Then one of the Zulus called out an order, and like a well-oiled machine, the warriors ceased fire and ran east, disappearing in seconds in the dark.
“We follow them, sir?” A private asked eagerly as Jack pulled himself up.
“Anyone hurt?” Jack called out.
There was silence, and Jack could barely believe their luck.
“Then we follow them.” He needed to find that scout, now that he was thinking, moving again.
Jack started forward, his rifle at chest height, ready.
They kept going in silence for another minute until the ridge ended abruptly. Jack peered down the hill, then left and right.
Nothing.
The Zulus were gone.

Lindani patted the barrel of the gun, feeling the heat of it from the recent firing. It was the first time he’d ever used one, and he’d had to admit the noise and the flash of gunpowder in the dark was impressive.
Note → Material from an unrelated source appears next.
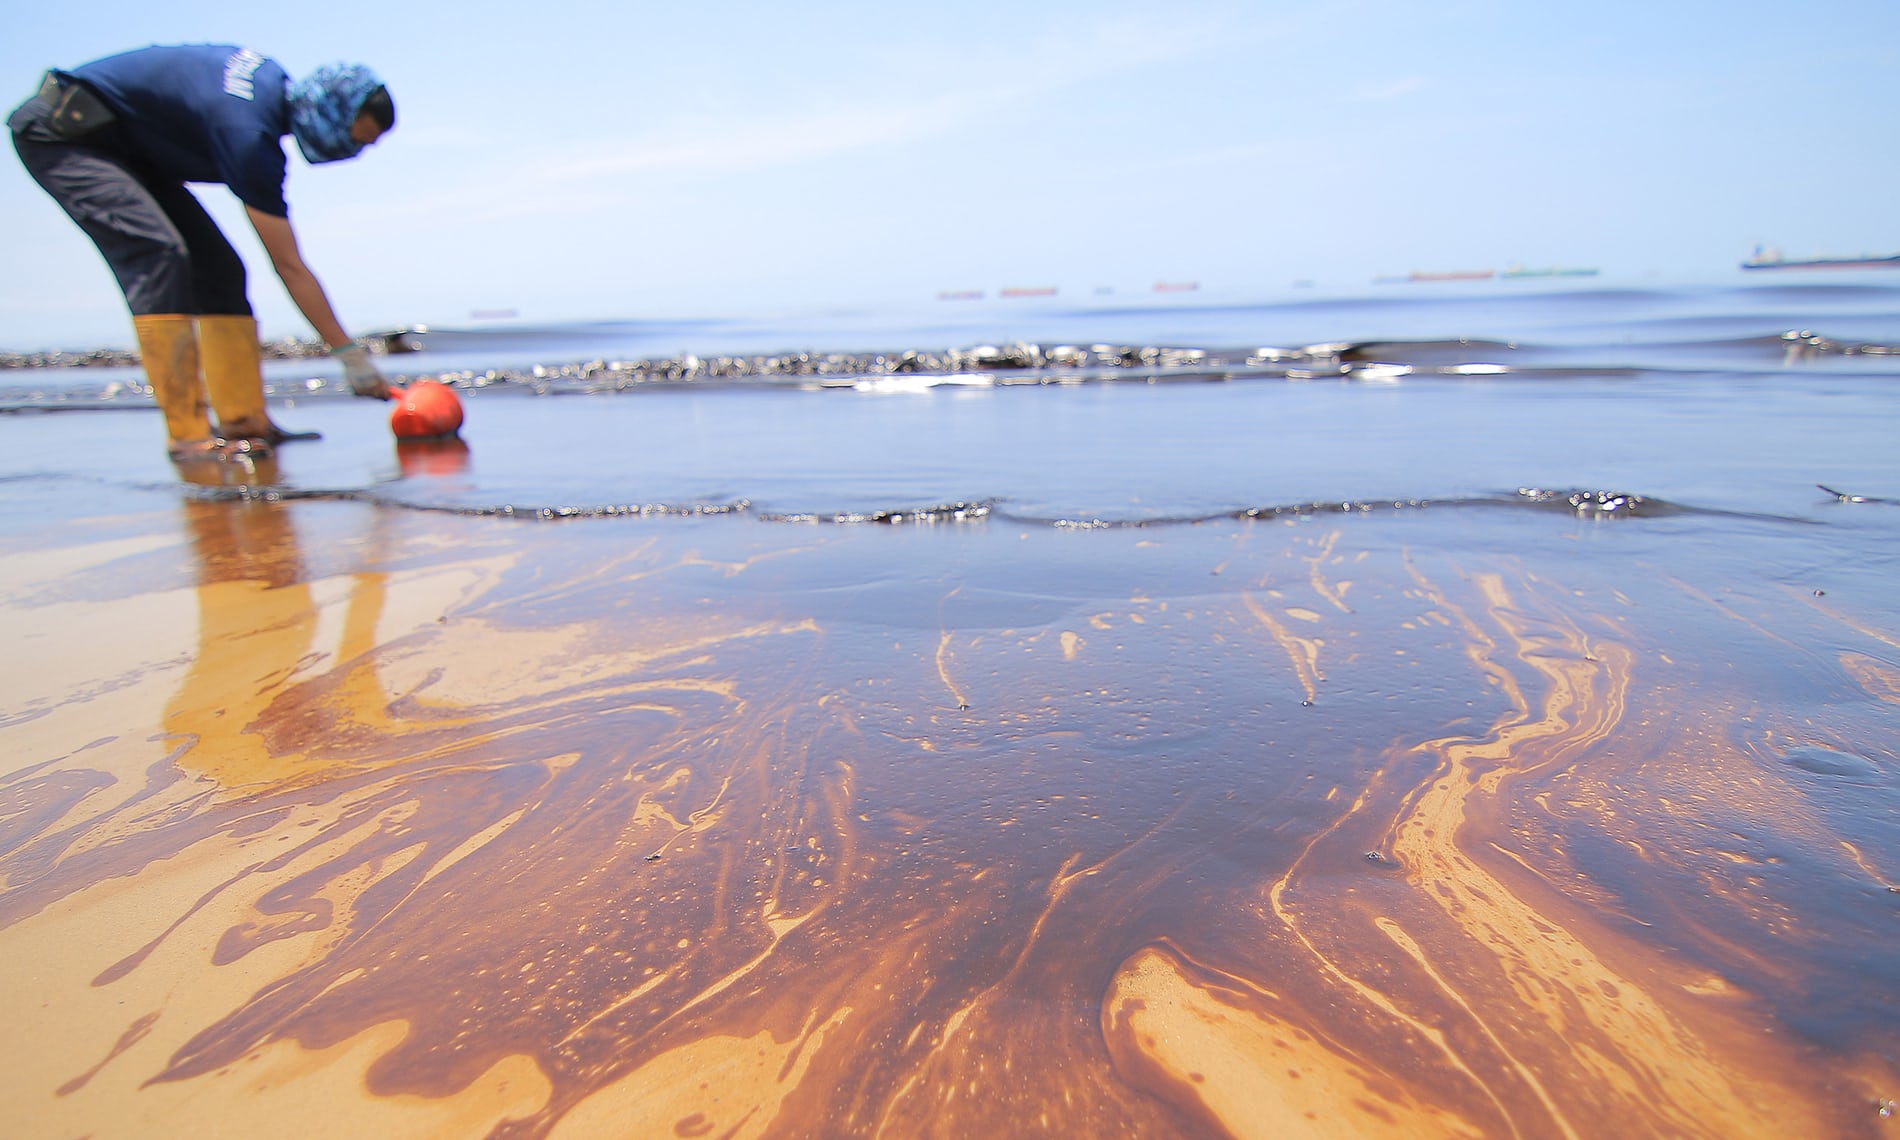 Нефть загрязняет воду. Разлив нефти в Бразилии 2000 г. Загрязнение океана разливы нефти. Разлив нефти в Бразилии Гуанабара. Катастрофа в Бразилии разлив нефти 2000.
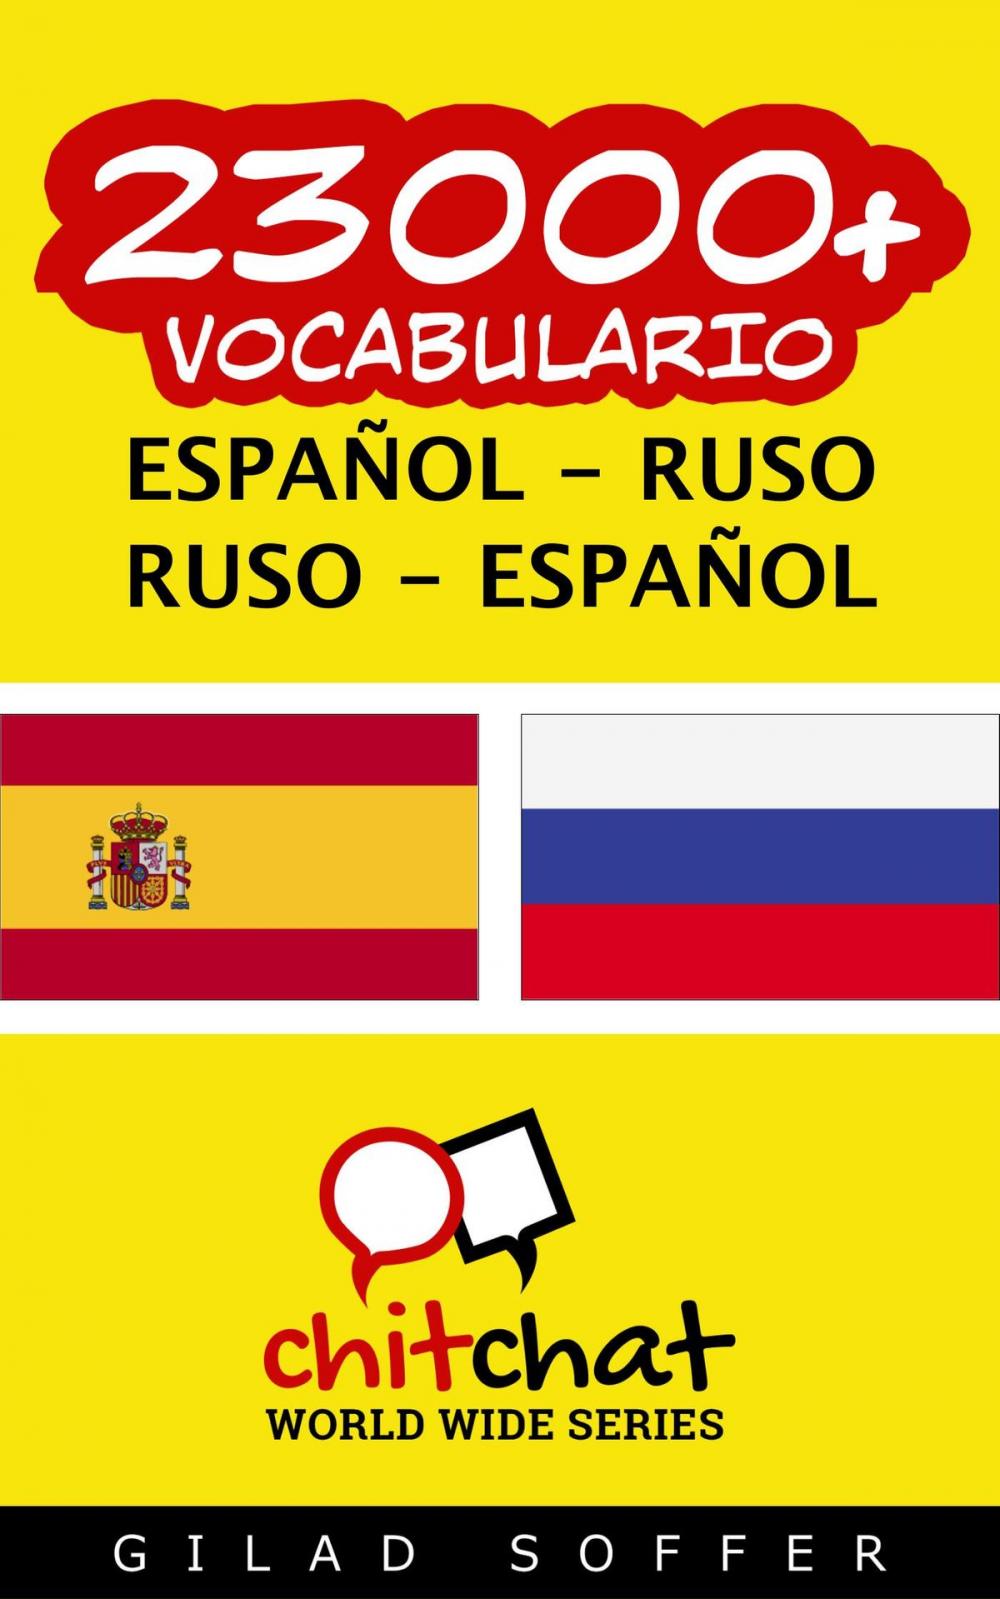 Big bigCover of 23000+ vocabulario español - ruso

It had done the job of drawing the picket away, stopping them from cresting the hill and stumbling upon the Valley of Shields, as they had started calling it.
The Ngwebeni valley, just over the lip of the escarpment, was packed with nearly 25,000 Zulu warriors.
Malusi joined him. “I know that group,” he murmured. “They are a dangerous lot. They like scouting in the bush; not like some of the whitemen. We're lucky we saw them before they reached the top of the Heights.”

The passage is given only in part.